RECORDS
· · ·

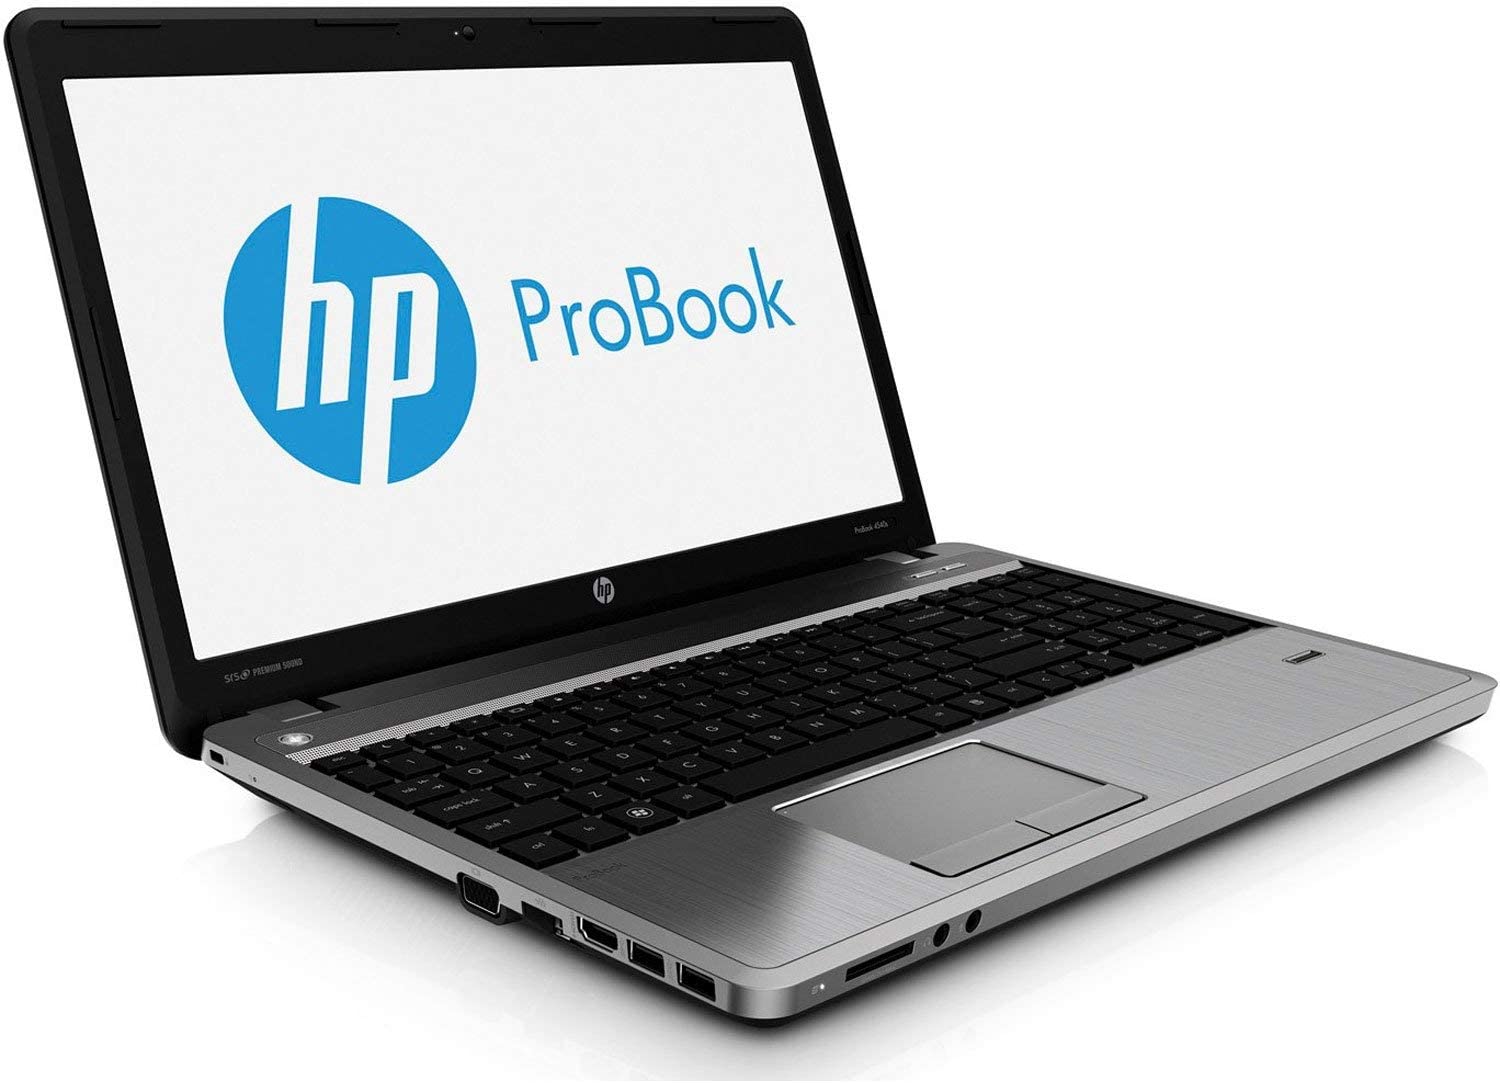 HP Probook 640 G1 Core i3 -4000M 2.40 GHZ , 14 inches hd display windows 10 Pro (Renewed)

· · ·

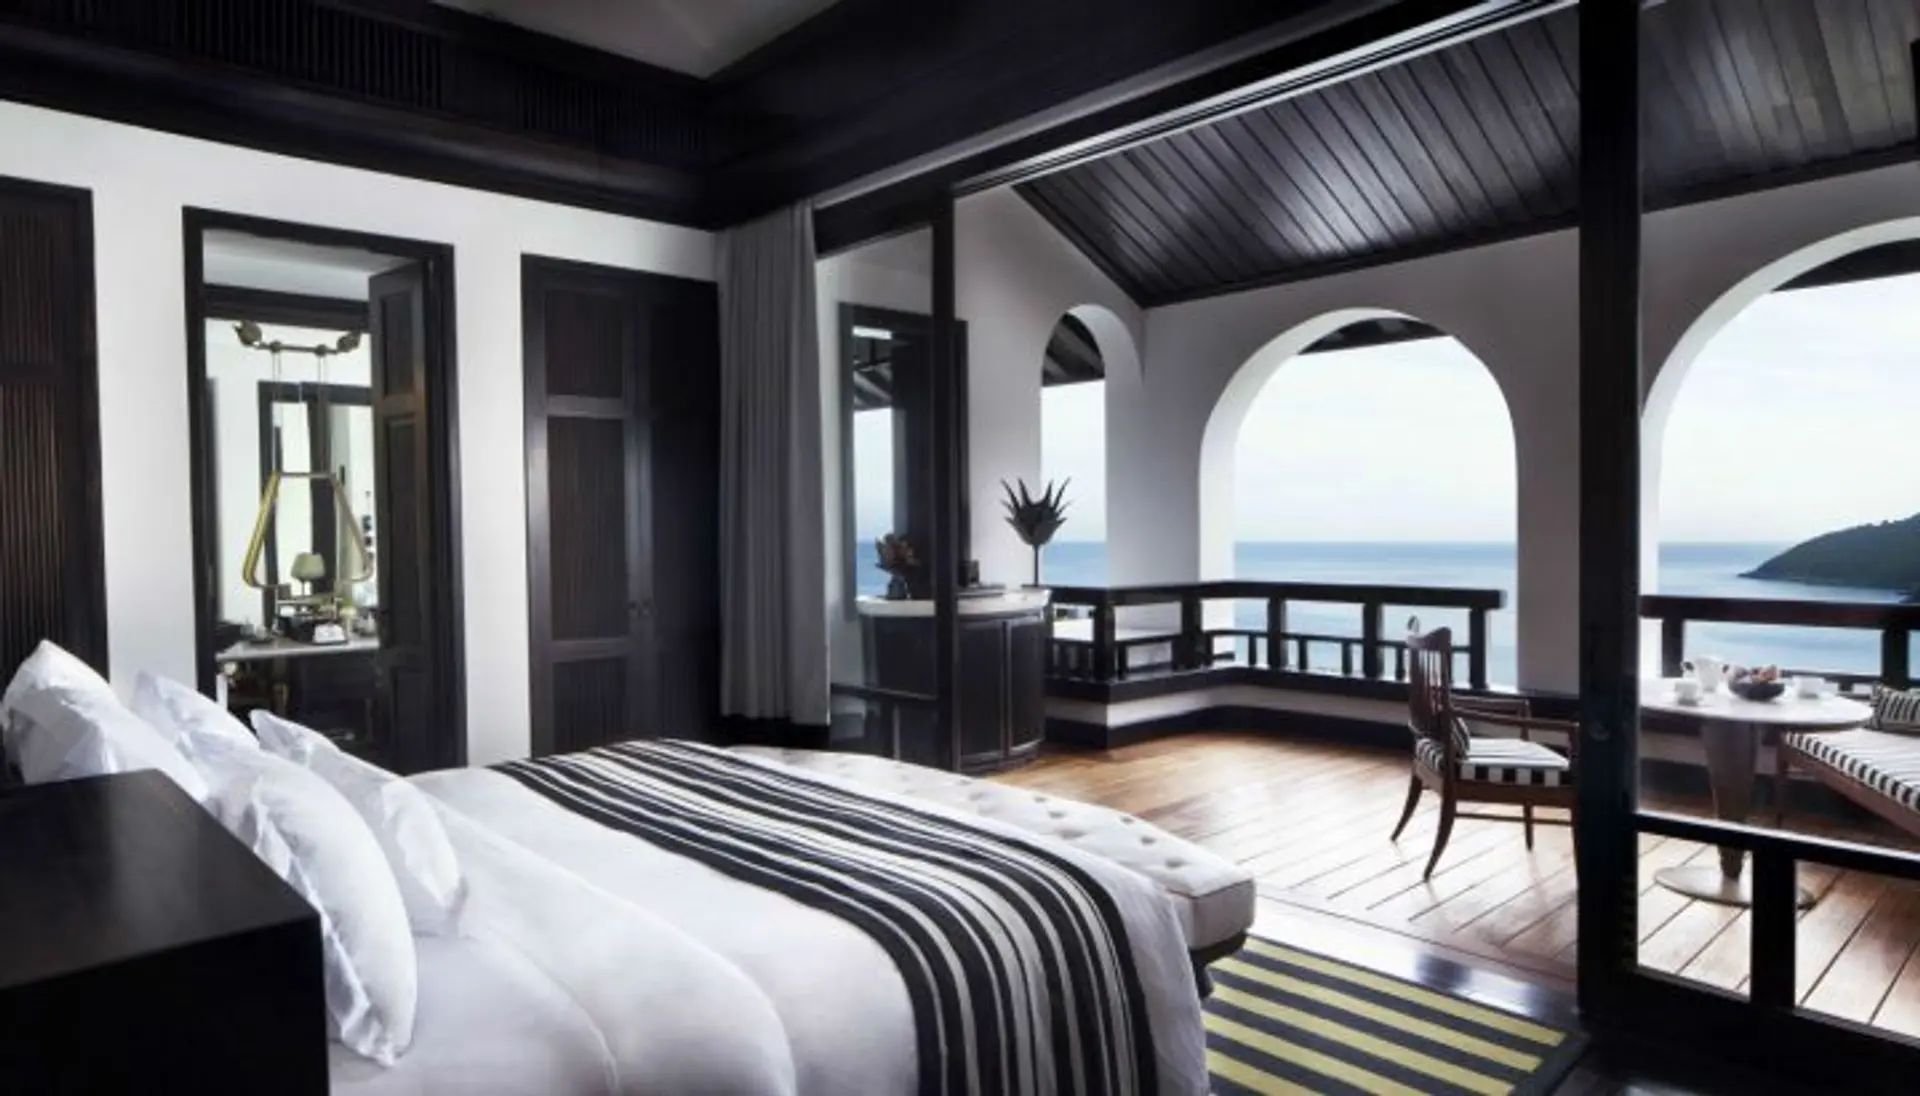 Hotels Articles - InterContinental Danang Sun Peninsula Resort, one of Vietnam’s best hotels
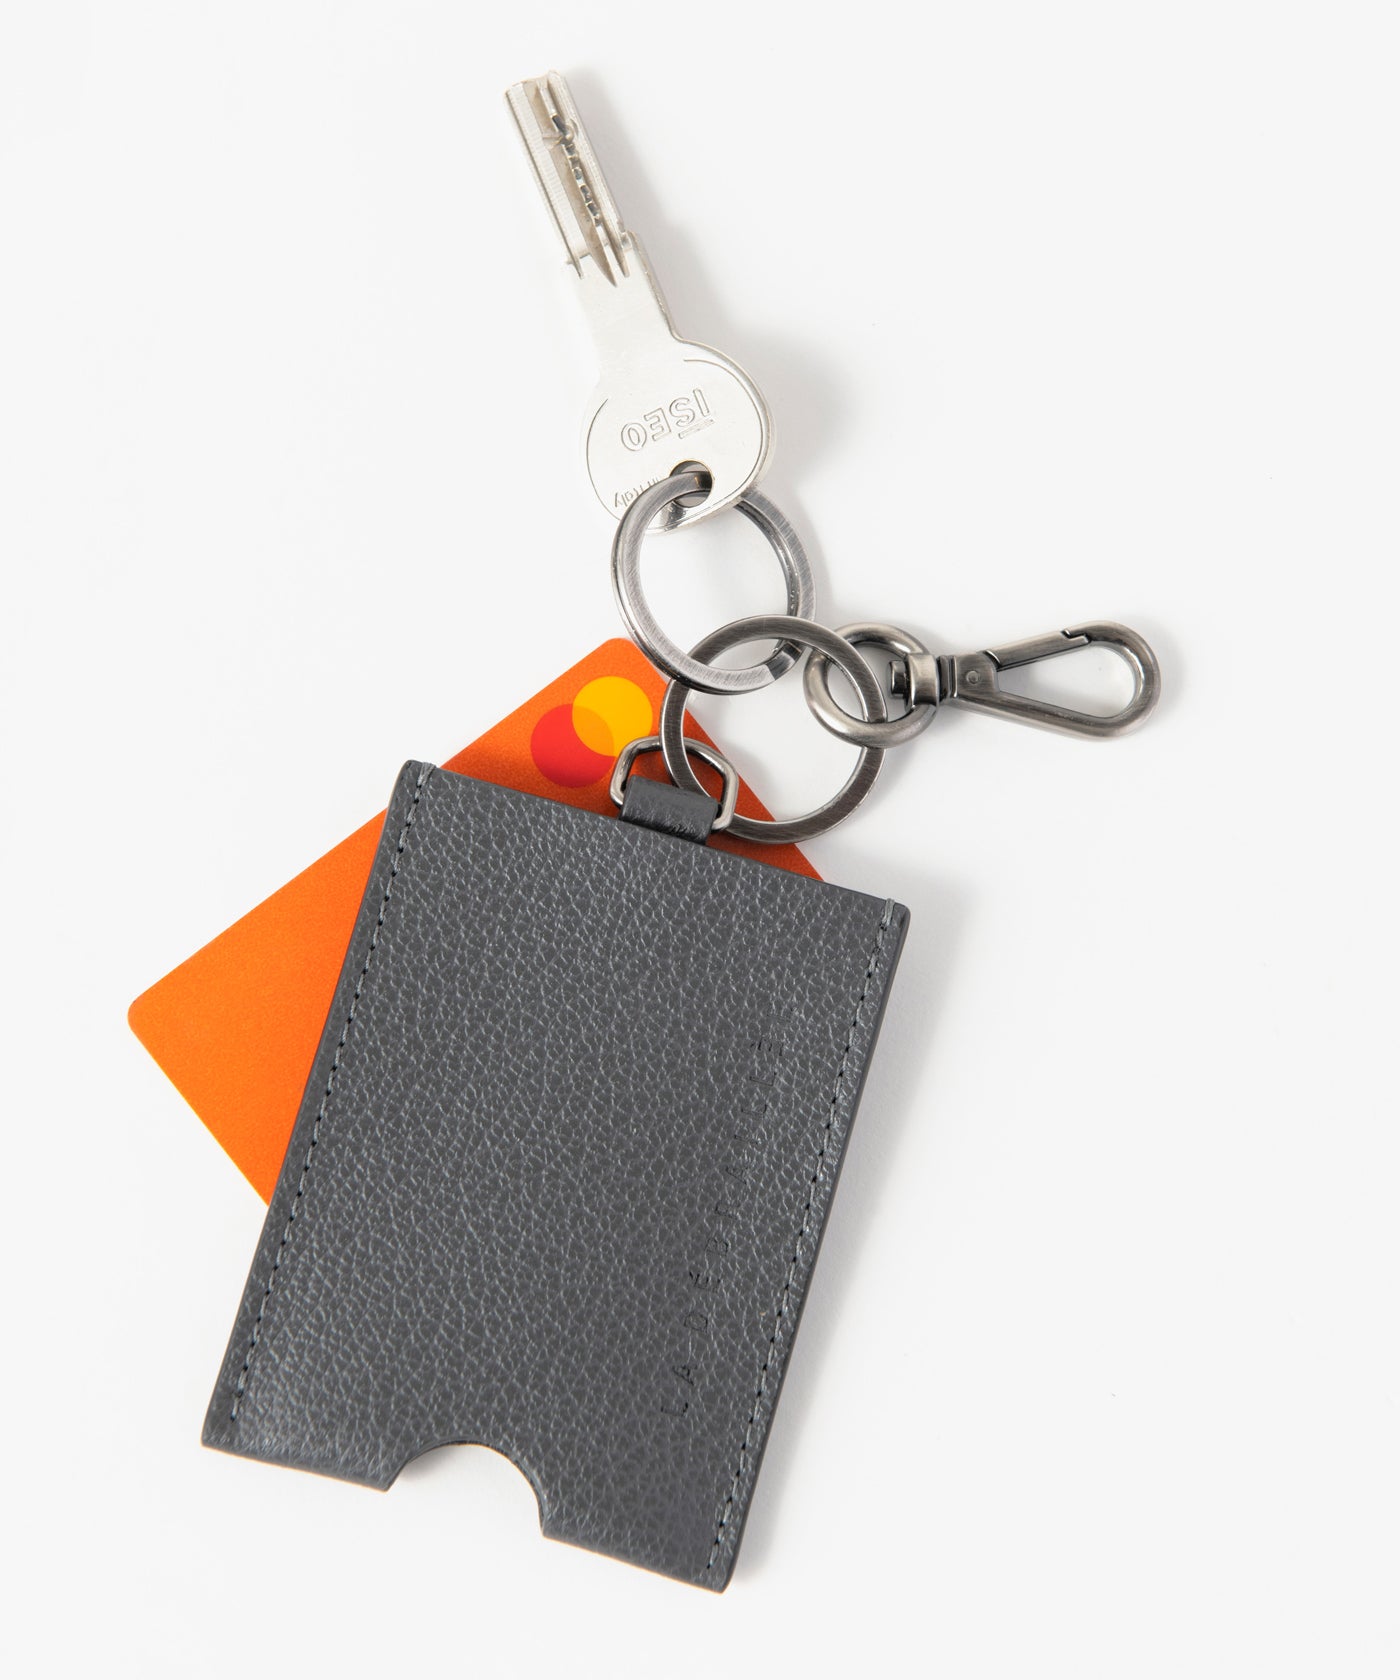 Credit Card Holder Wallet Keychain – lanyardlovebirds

· · ·

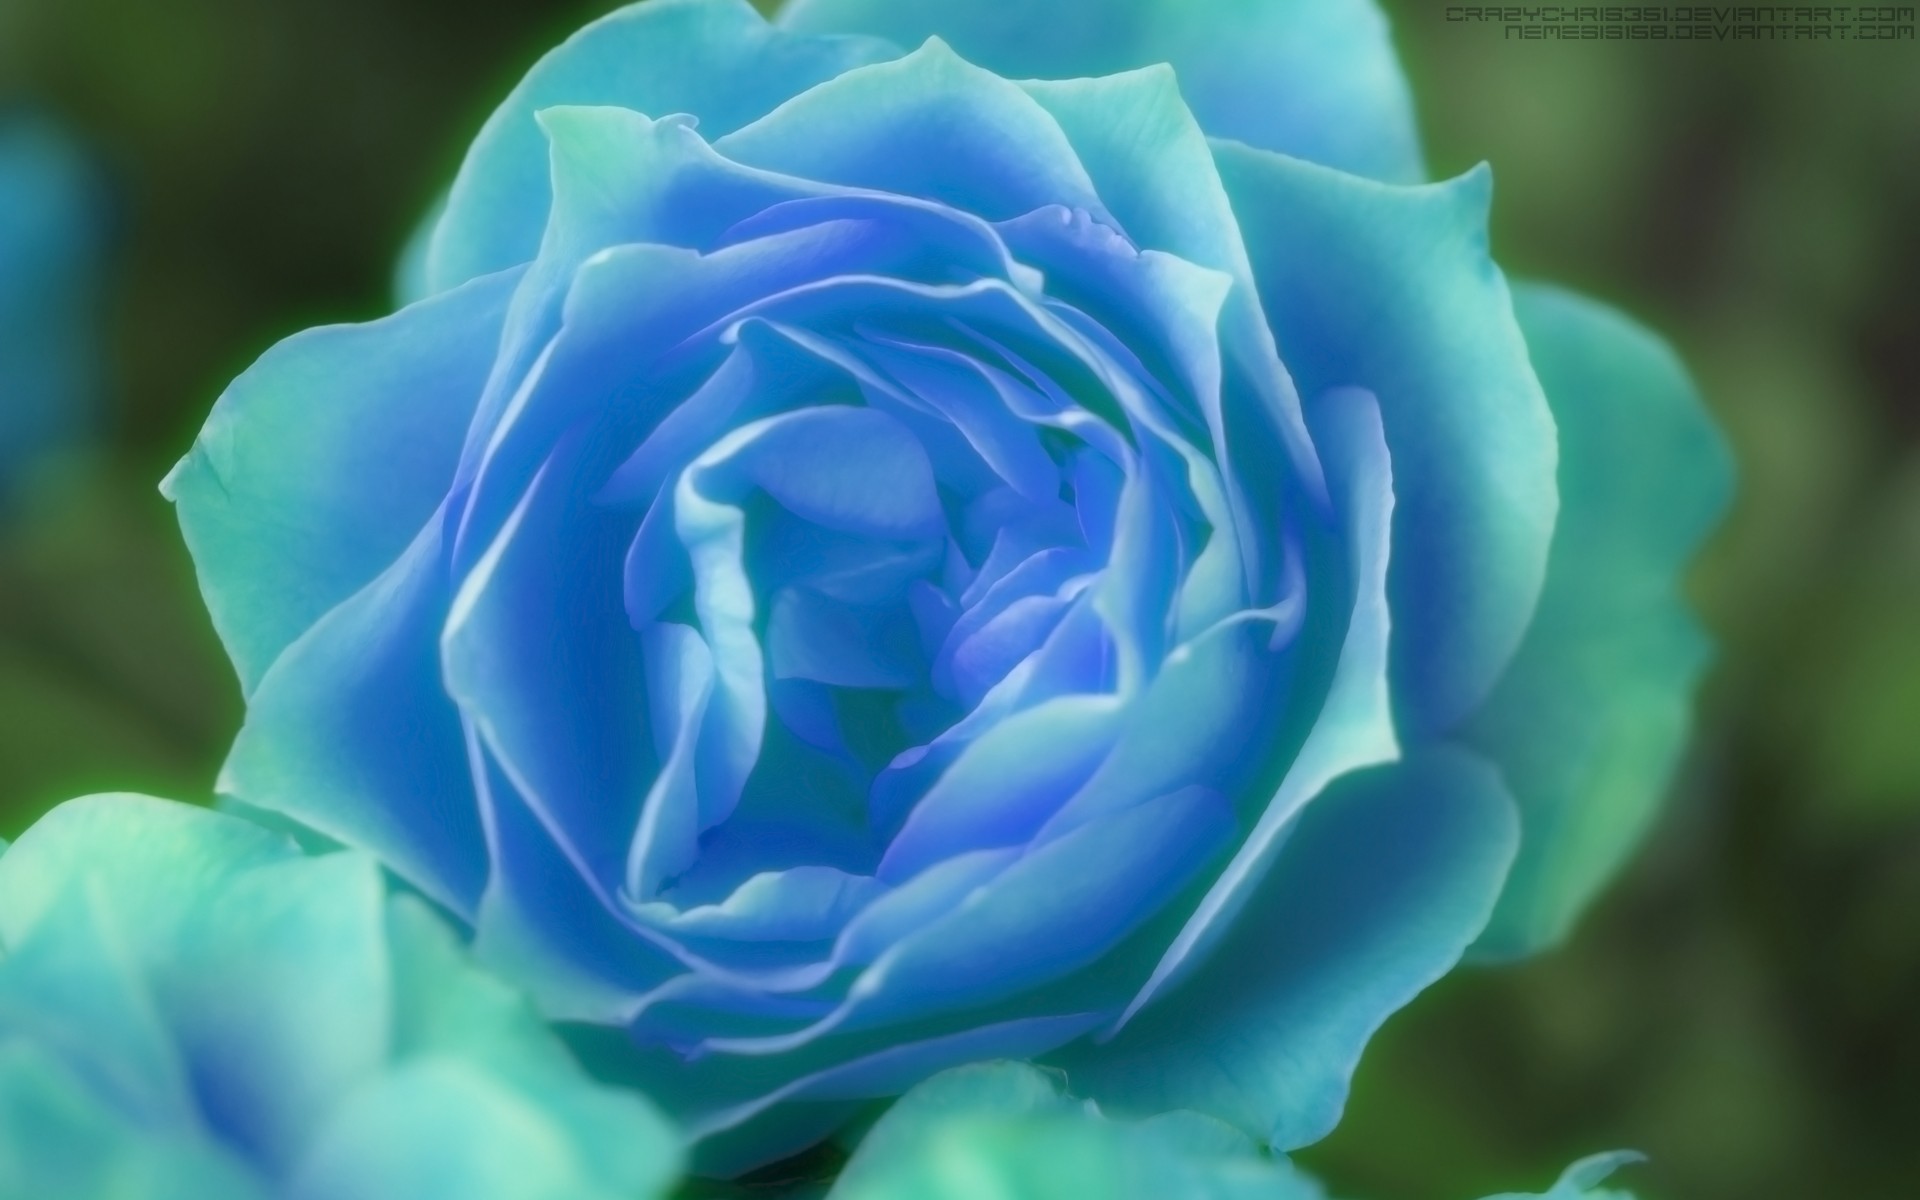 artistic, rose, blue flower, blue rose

· · ·

WORK ORDER
Skipping every picture, transcribe exactly the lines above from the one containing "Hotels Articles - InterContinental" through the one containing "Credit Card Holder", both included.

SOLUTION
 Hotels Articles - InterContinental Danang Sun Peninsula Resort, one of Vietnam’s best hotels
 Credit Card Holder Wallet Keychain – lanyardlovebirds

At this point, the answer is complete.